Когда-то в детстве я видел в зверинце пантеру, пора­зившую мое воображение и надолго полонившую мысли. Она была непохожа на других зверей, которые бессмыс­ленно дремали или злобно смотрели на посетителей. Из угла в угол, по одной и той же линии, с математической правильностью ходила она, каждый раз поворачиваясь на одном и том же месте, каждый раз задевая золотистым боком за один и тот же металлический прут решетки. Хищная острая голова ее была опущена, и глаза смотрели перед собой, ни разу, никогда не поворачиваясь в сторо­ну. Перед ее клеткой целые дни толпился народ, говорил, шумел, а она все ходила, и ни разу глаза ее не обратились к смотрящим. И немногие лица из толпы улыбались; боль­шинство серьезно, даже мрачно смотрели на эту живую картину тяжелого безысходного раздумья и со вздохом отходили. А отойдя, еще раз недоумевающе, пытливо огля­дывались на нее и вздыхали, как будто было что-нибудь общее в судьбе их, свободных людей, и этого несчастного плененного зверя. И когда впоследствии со мной, уже взрослым, люди и книги заговорили о вечности, я вспом­нил пантеру, и мне показалось, что я уже знаю вечность и ее муки.
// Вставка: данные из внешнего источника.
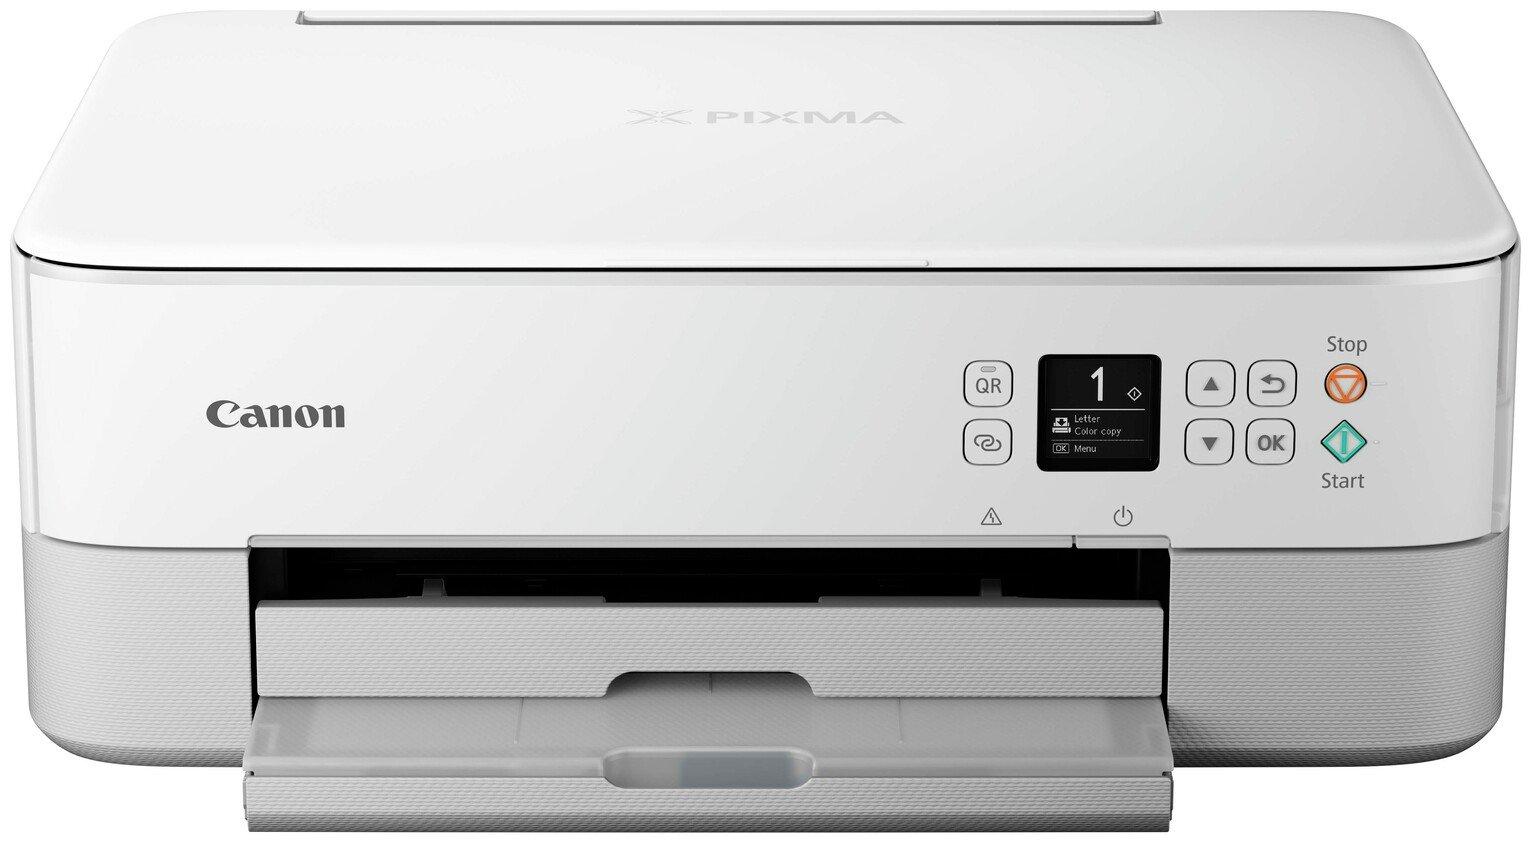 Canon PIXMA TS5351 Wireless Inkjet Printer

В такую пантеру превратился я в моей каменной клет­ке. Я ходил и думал. Я ходил по одной линии наискось клетки, от угла к углу, и по одной короткой линии шли мои мысли, такие тяжелые, что, казалось, не голову, а це­лый мир ношу я на своих плечах. Только из одного слова состоял он, но какое это было большое, какое мучительное, какое зловещее слово.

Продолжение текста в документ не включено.